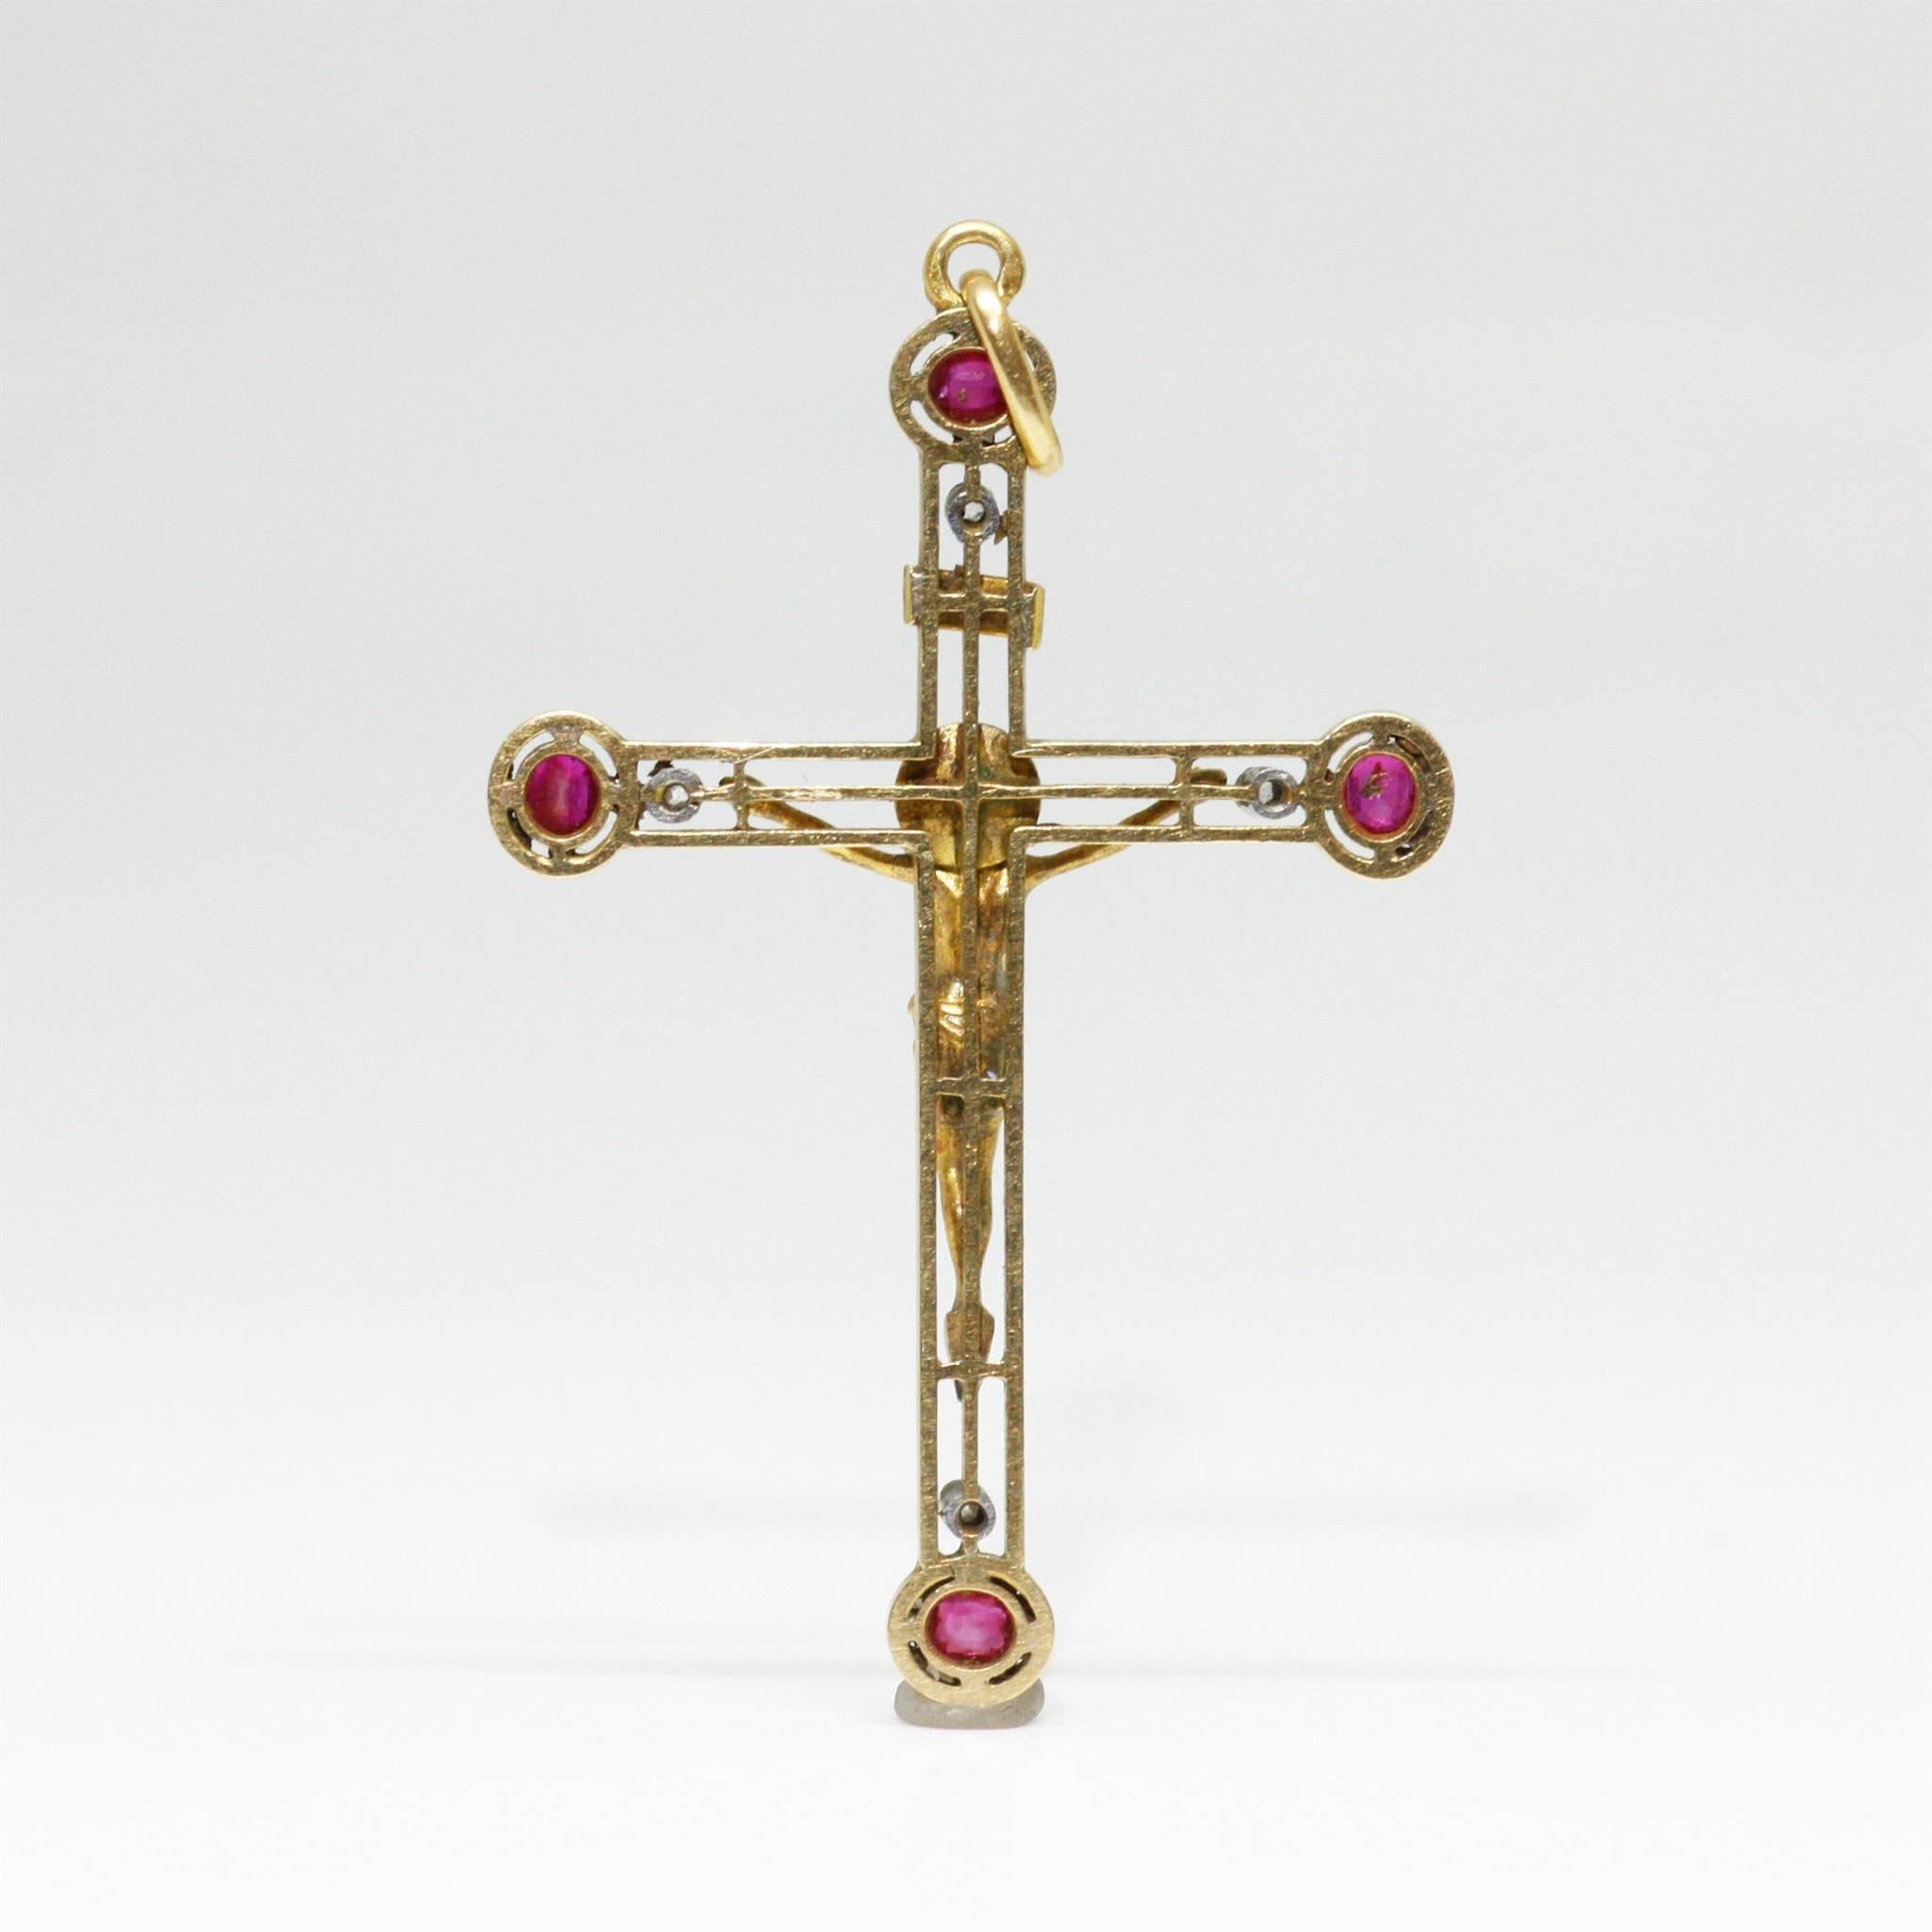 Yellow 18K gold crucifix cross with Jesus Christ. This beautiful cross is enhanced with 4 smalll rubies (raspberry color, probably of Burmese origine) and 4 tiny diamonds. 
Perfect condition.
French (hallmark : eagle’s head), circa 1900

Height : 54
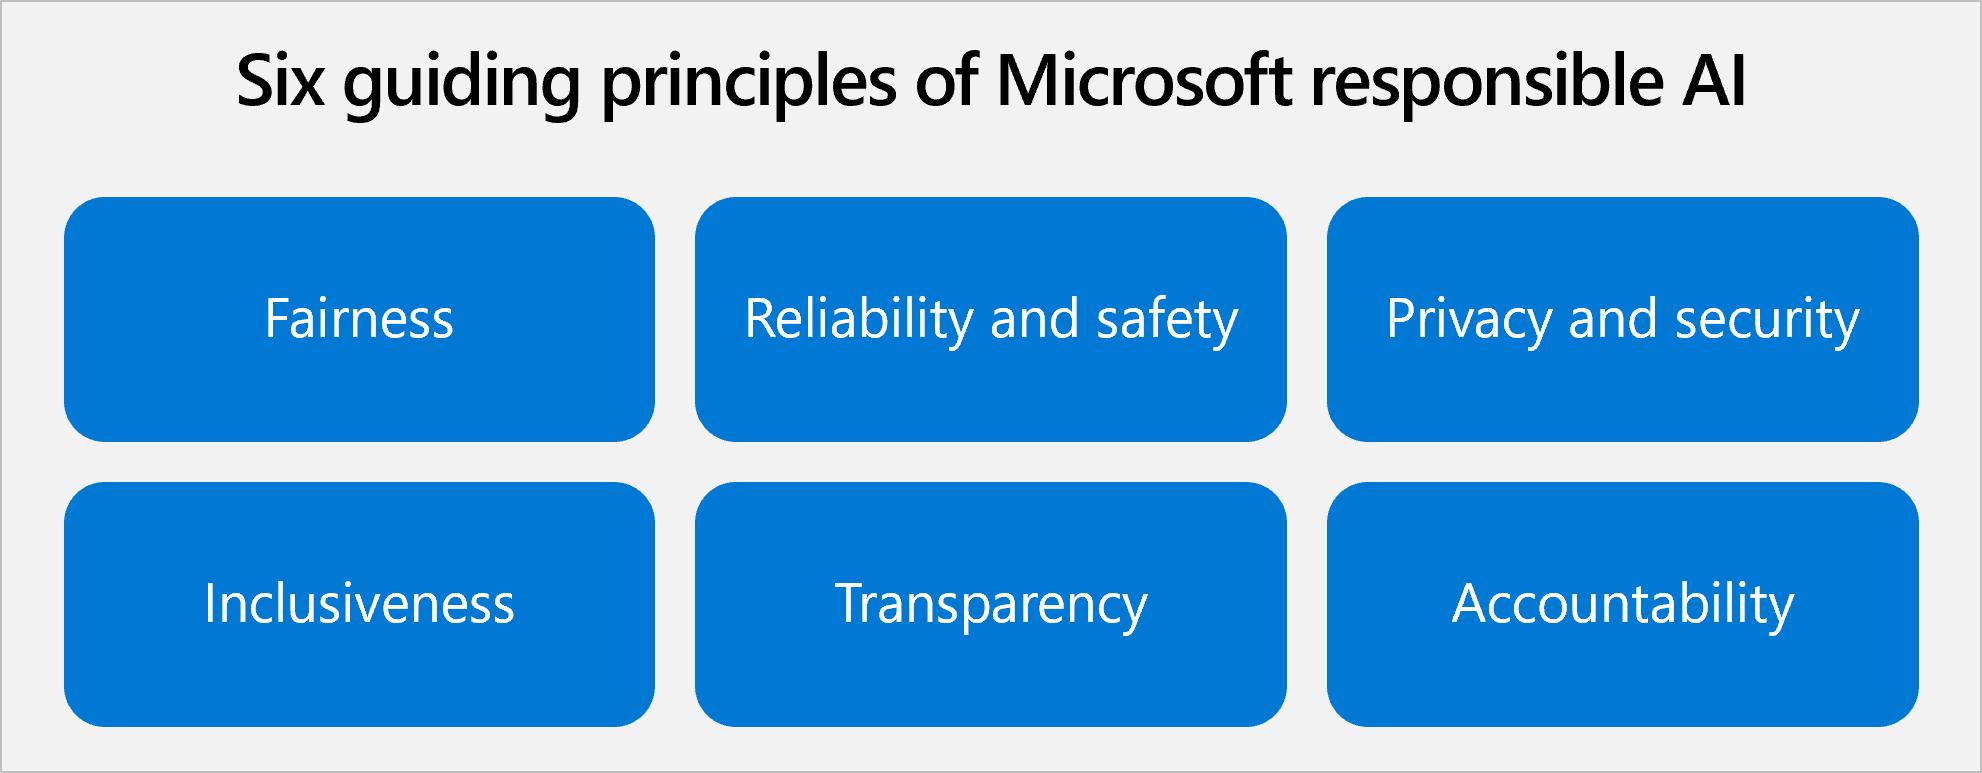 Diagram that shows six principles: fairness, reliability and safety, privacy and security, inclusiveness, transparency, and accountability.
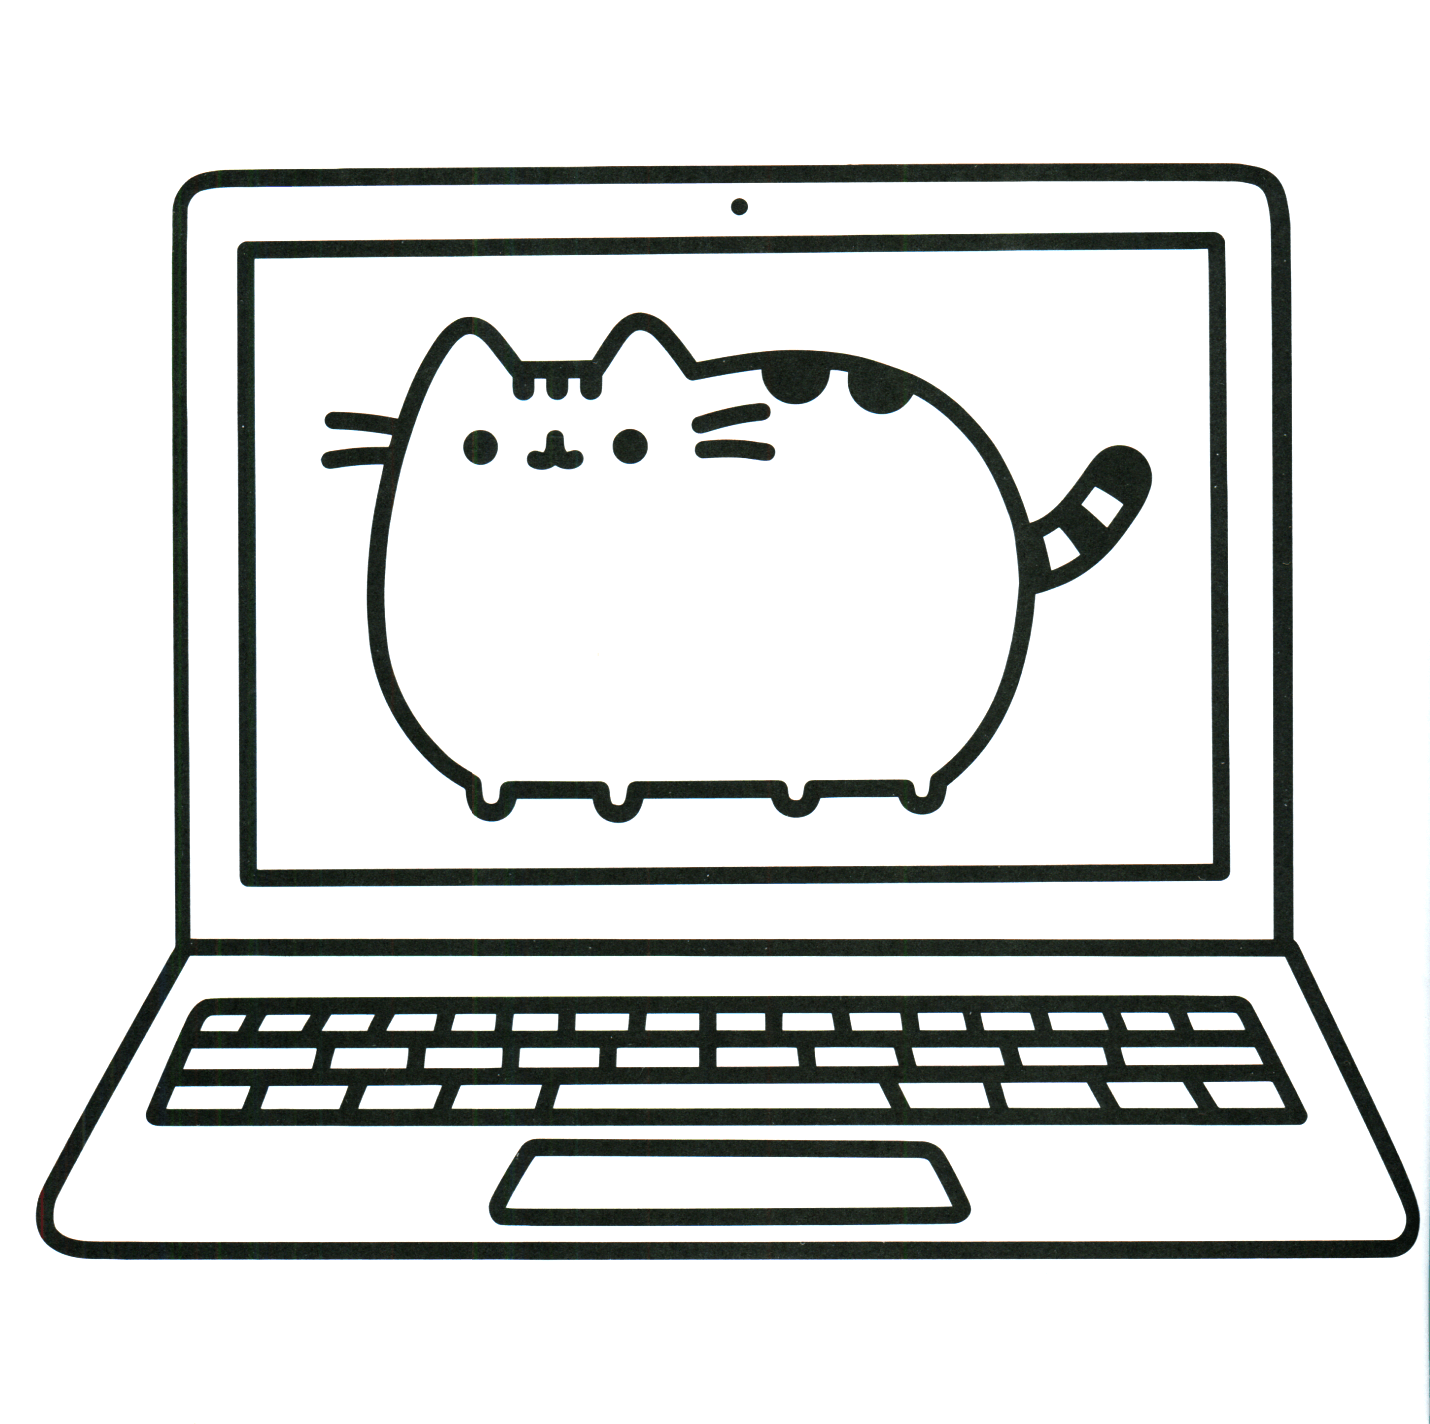 Laptop Pusheen Coloring Pages
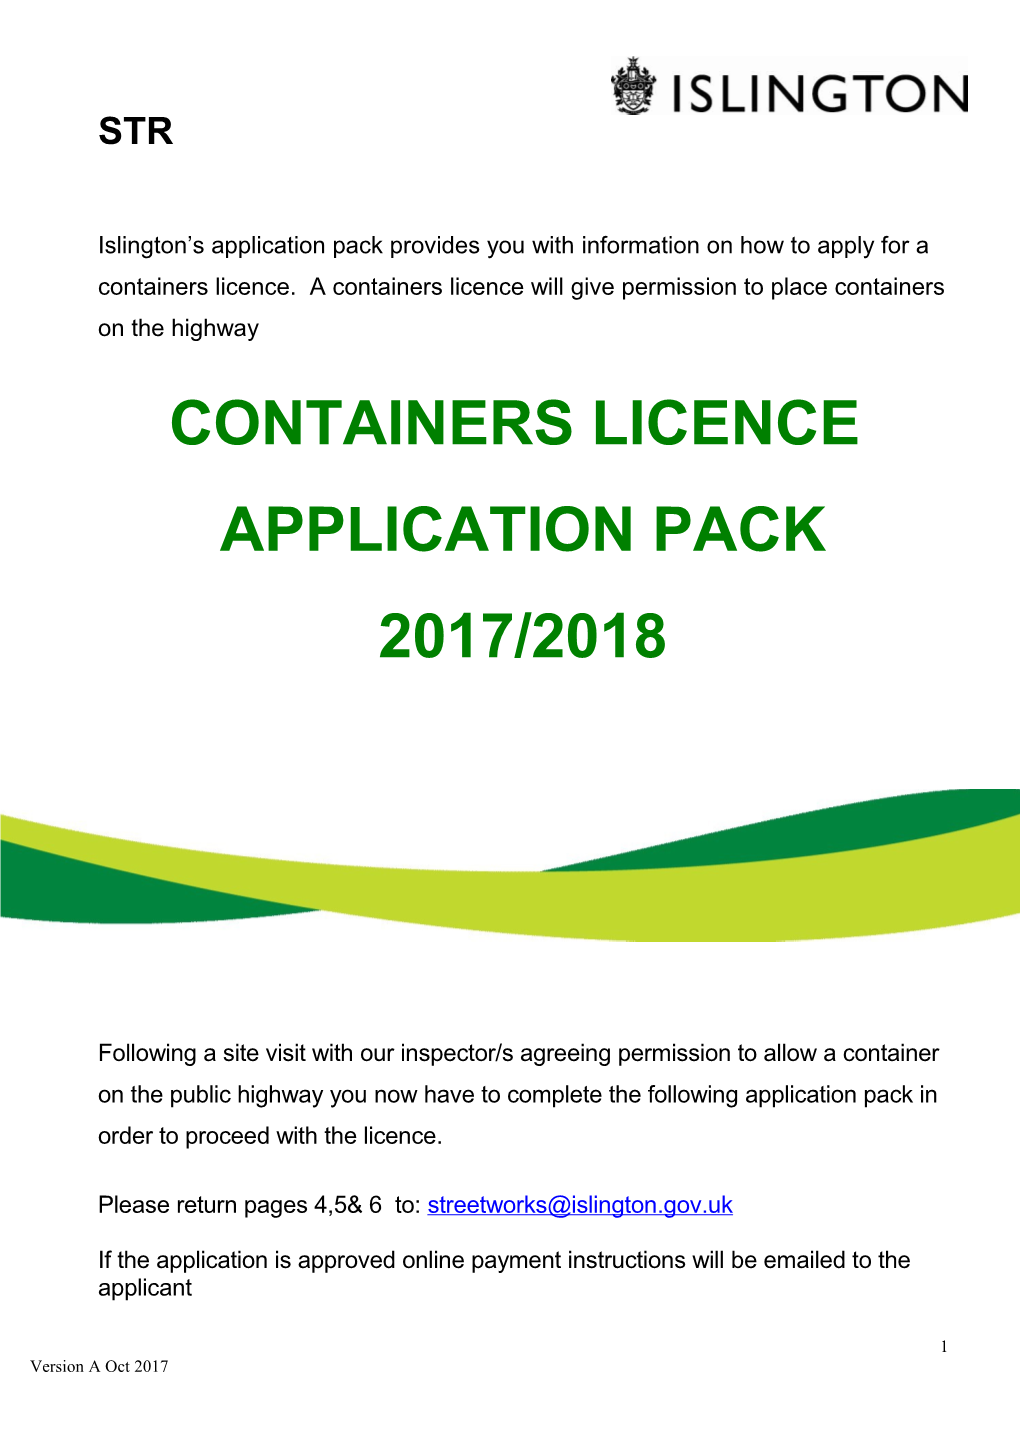 2017 Containers Application Version a Oct 2017
━━━━━━━━━━
Task statement:
Each entry above should come back word for word, and no picture should come with it.

Task result:
 Yellow 18K gold crucifix cross with Jesus Christ. This beautiful cross is enhanced with 4 smalll rubies (raspberry color, probably of Burmese origine) and 4 tiny diamonds. 
Perfect condition.
French (hallmark : eagle’s head), circa 1900

Height : 54
 Diagram that shows six principles: fairness, reliability and safety, privacy and security, inclusiveness, transparency, and accountability.
 Laptop Pusheen Coloring Pages
 2017 Containers Application Version a Oct 2017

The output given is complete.